The AIM-listed group is well-placed to take advantage of the impending boom in the popularity of esports
esports arena
The esports market is forecast to be worth more than £1bn by 2020

Only a few years ago, the idea of thousands of people paying good money to watch somebody else play a video game would’ve raised a few eyebrows.

That’s certainly not the case anymore though, just ask Gfinity PLC (LON:GFIN) – an AIM-listed international esports group.

Audience numbers soaring

In an era when the likes of Sky PLC (LON:SKY) are seeing traditional sports viewership numbers fall, esports is one of the few ‘sports’ that is growing (and pretty quickly, too) its fan base.

In fact, analytics firm Newzoo reckons esports will generate more than £1bn in global revenue by 2020, while the audience is expected to almost double to 600mln people in the same time-frame.

READ: Full-year revenues jump at Gfinity as big-name partnerships bear fruit

Like traditional sports fans do with their football or rugby teams, people – generally the younger generations – are paying money to watch their favourite video games being played by their favourite esports teams.

Publishers aren’t naïve when it comes to the opportunities that this surging demand has created, neither is Gfinity.

The company – founded Neville Upton – has only been around for a handful of years, but in that time, it has already built up a strong reputation in the industry as the ‘go-to’ esports competition promoter and host.

Big name partners on board

Several big names have hired Gfinity to be its event partner and to look after the logistics of running a successful tournament, including none other than Microsoft.

The tech giant has partnered with Gfinity on numerous occasions, including for its Halo and Forza Racing championships.

More recently, Formula 1 has dipped its toe into the esports market as it looks to connect with a younger fan base.
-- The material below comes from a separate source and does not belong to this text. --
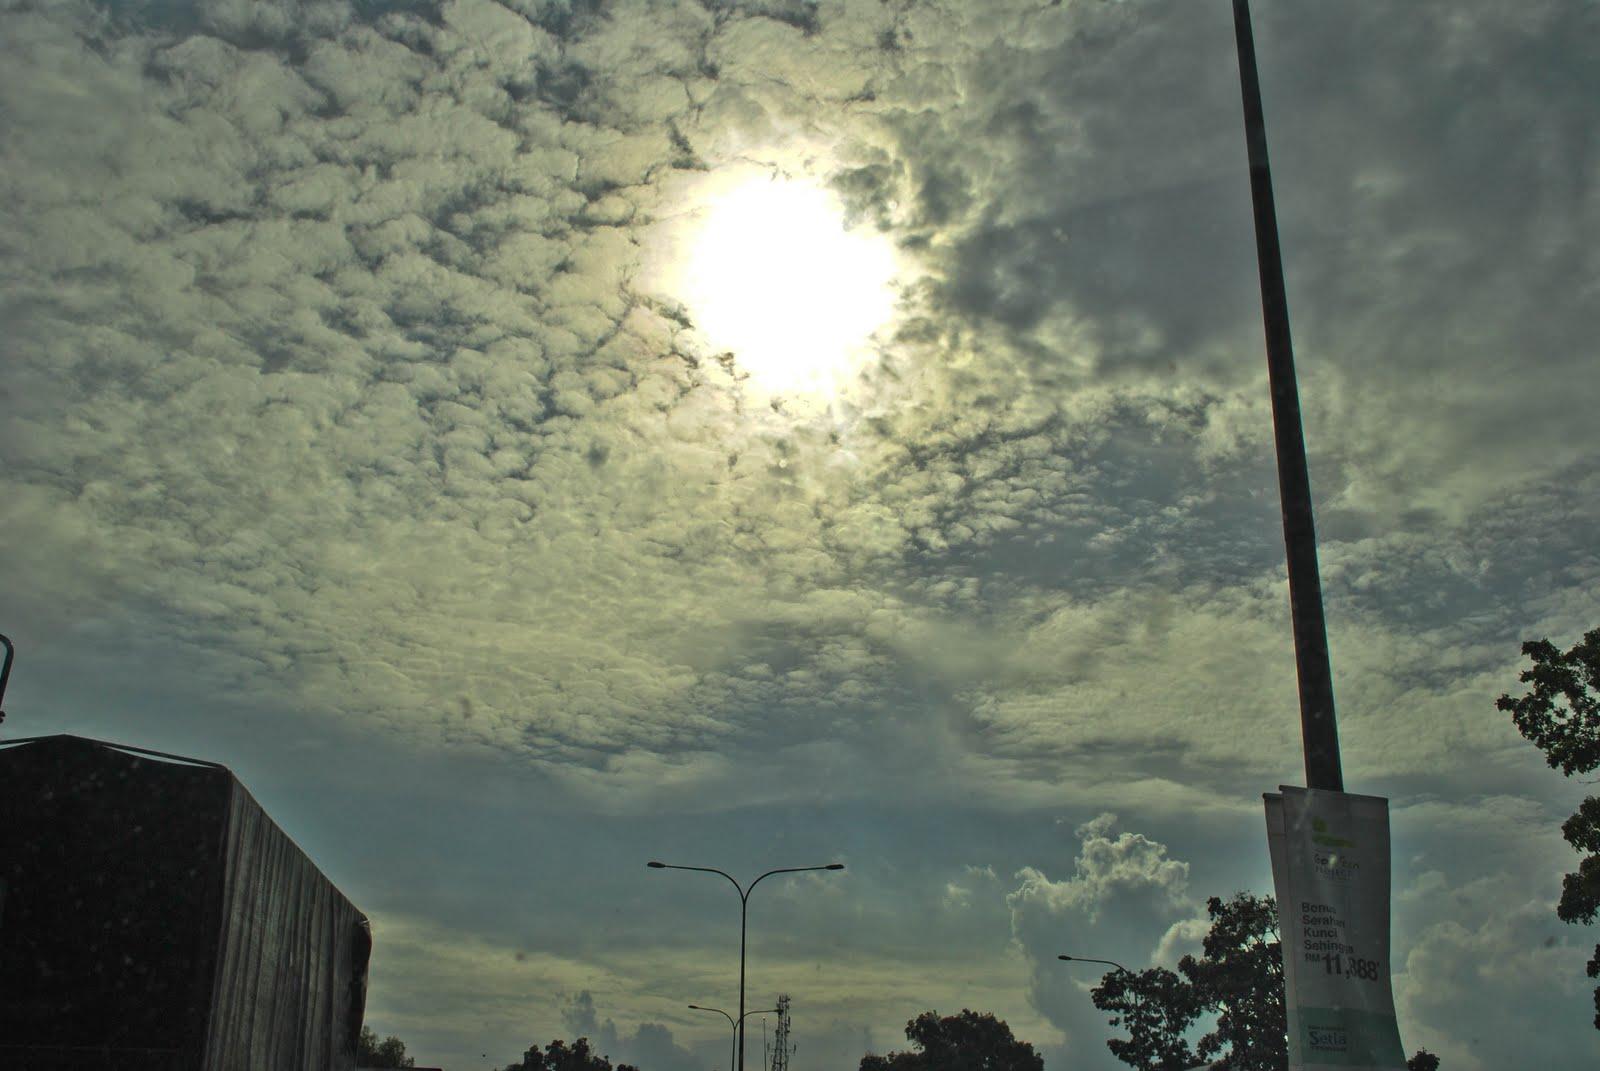 http://3.bp.blogspot.com/_PavWcAiPubw/TQS9cHekusI/AAAAAAAABEg/vwWDW3FECRU/s1600/DSC_0087.jpg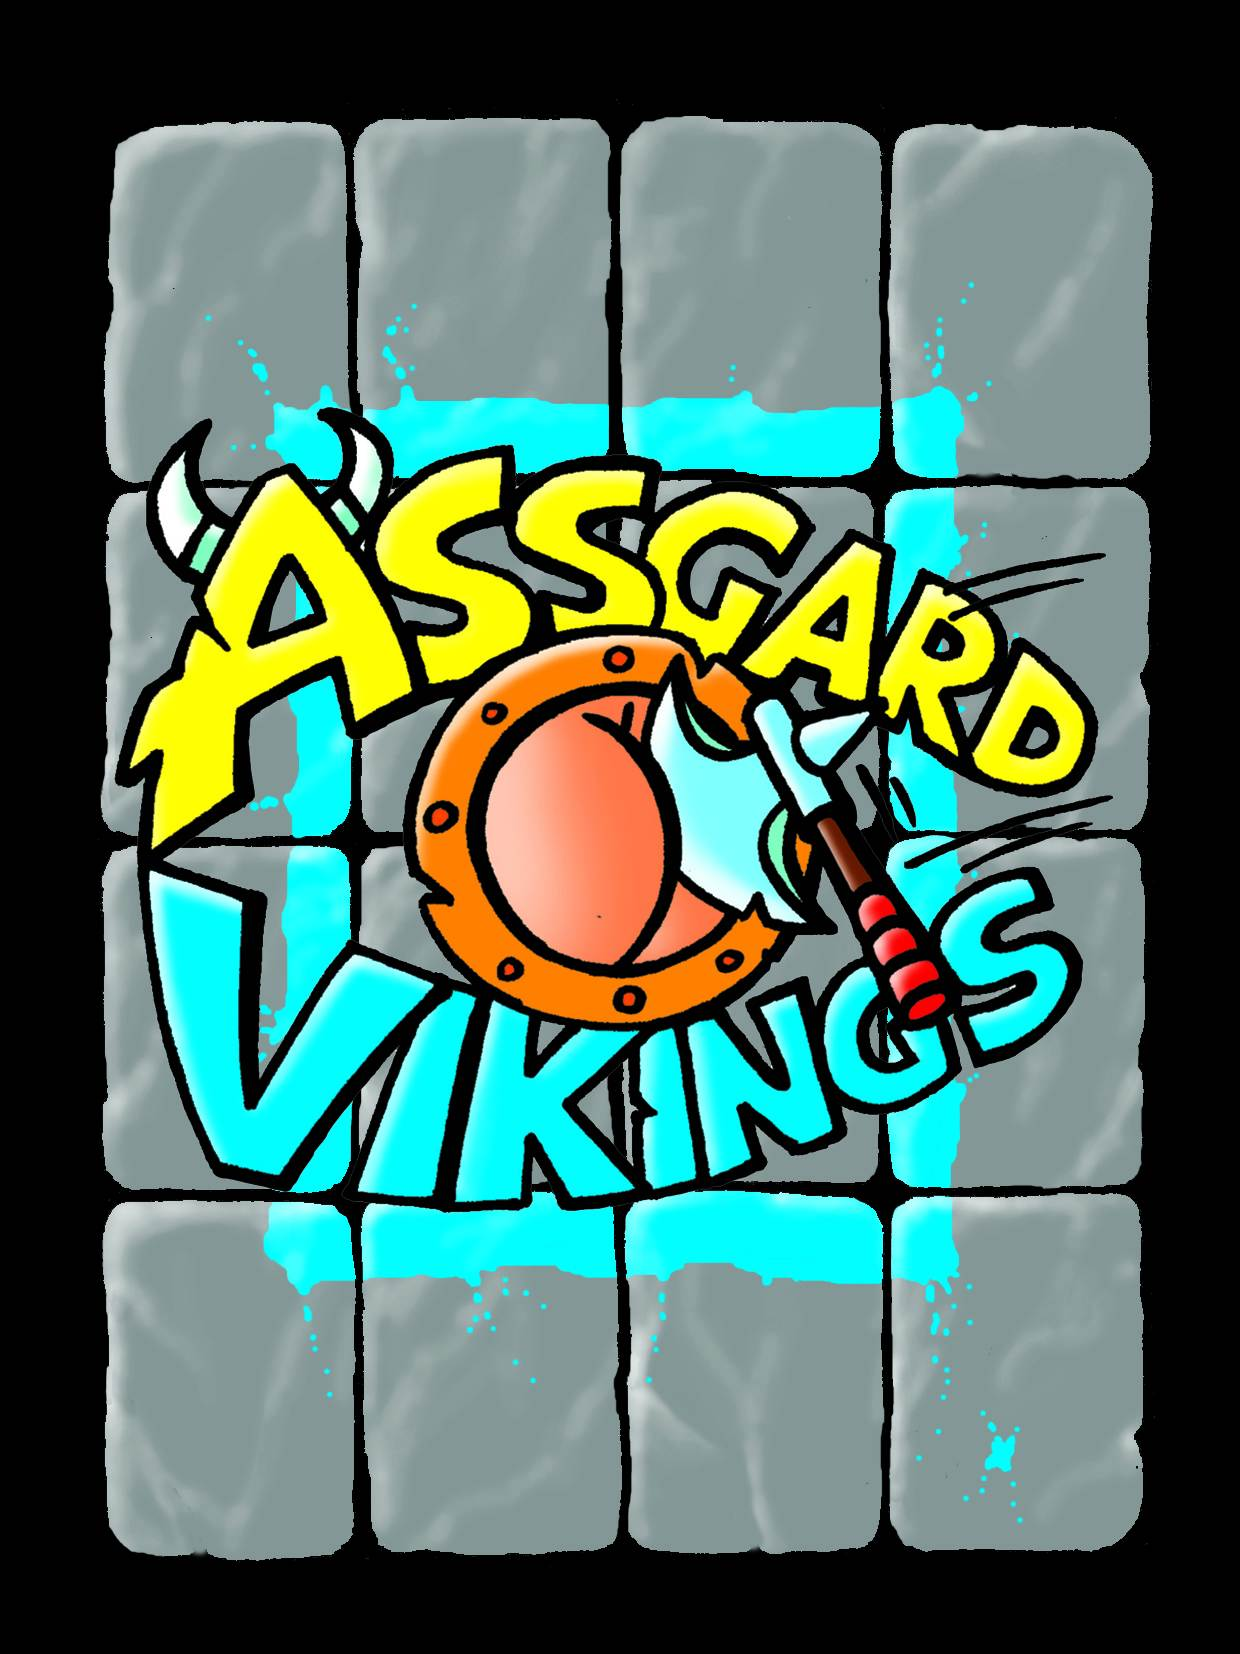 Assgard Vikings

As you’ve probably guessed, it’s also using Gfinity to deliver the competition, which hopes to find the best virtual racer in the world.

Gfinity announced in April that it had extended its partnership with Formula 1 and Codemasters, the publisher of the official game of the FIA Formula One World Championship, as events partner for season two of the F1 esports series.

The company will manage tournament operations for the live events including the adjudication framework, which supports all competitive gameplay. It will also broadcast all the live events.

Gfinity Elite Series

It’s not just a partner though; Gfinity also has its own competition: the Elite Series.

The Elite Series kicked off last summer and the fourth season got underway in late March.

The flagship Elite Series sees gamers in professional teams compete at different games including Street Fighter V, Rocket League and FIFA 18.

There is also the Gfinity Challenger Series, which is for amateur gamers and acts like a feeder to the professional teams in the Elite Series.

Domino's Pizza Group PLC (LON:DOM) is the presenting partner of the Gfinity Challenger and Elite Series under a multi-year sponsorship deal signed with Gfinity in June. 

The multi-season deal will run until 2020 and will give Domino’s an in-show presence throughout 80 hours of live broadcasts. The pizza company will also receive bespoke content, broadcast and digital assets, player shirt sleeve branding, social media activations, customer relationship management, ticketing and hospitality.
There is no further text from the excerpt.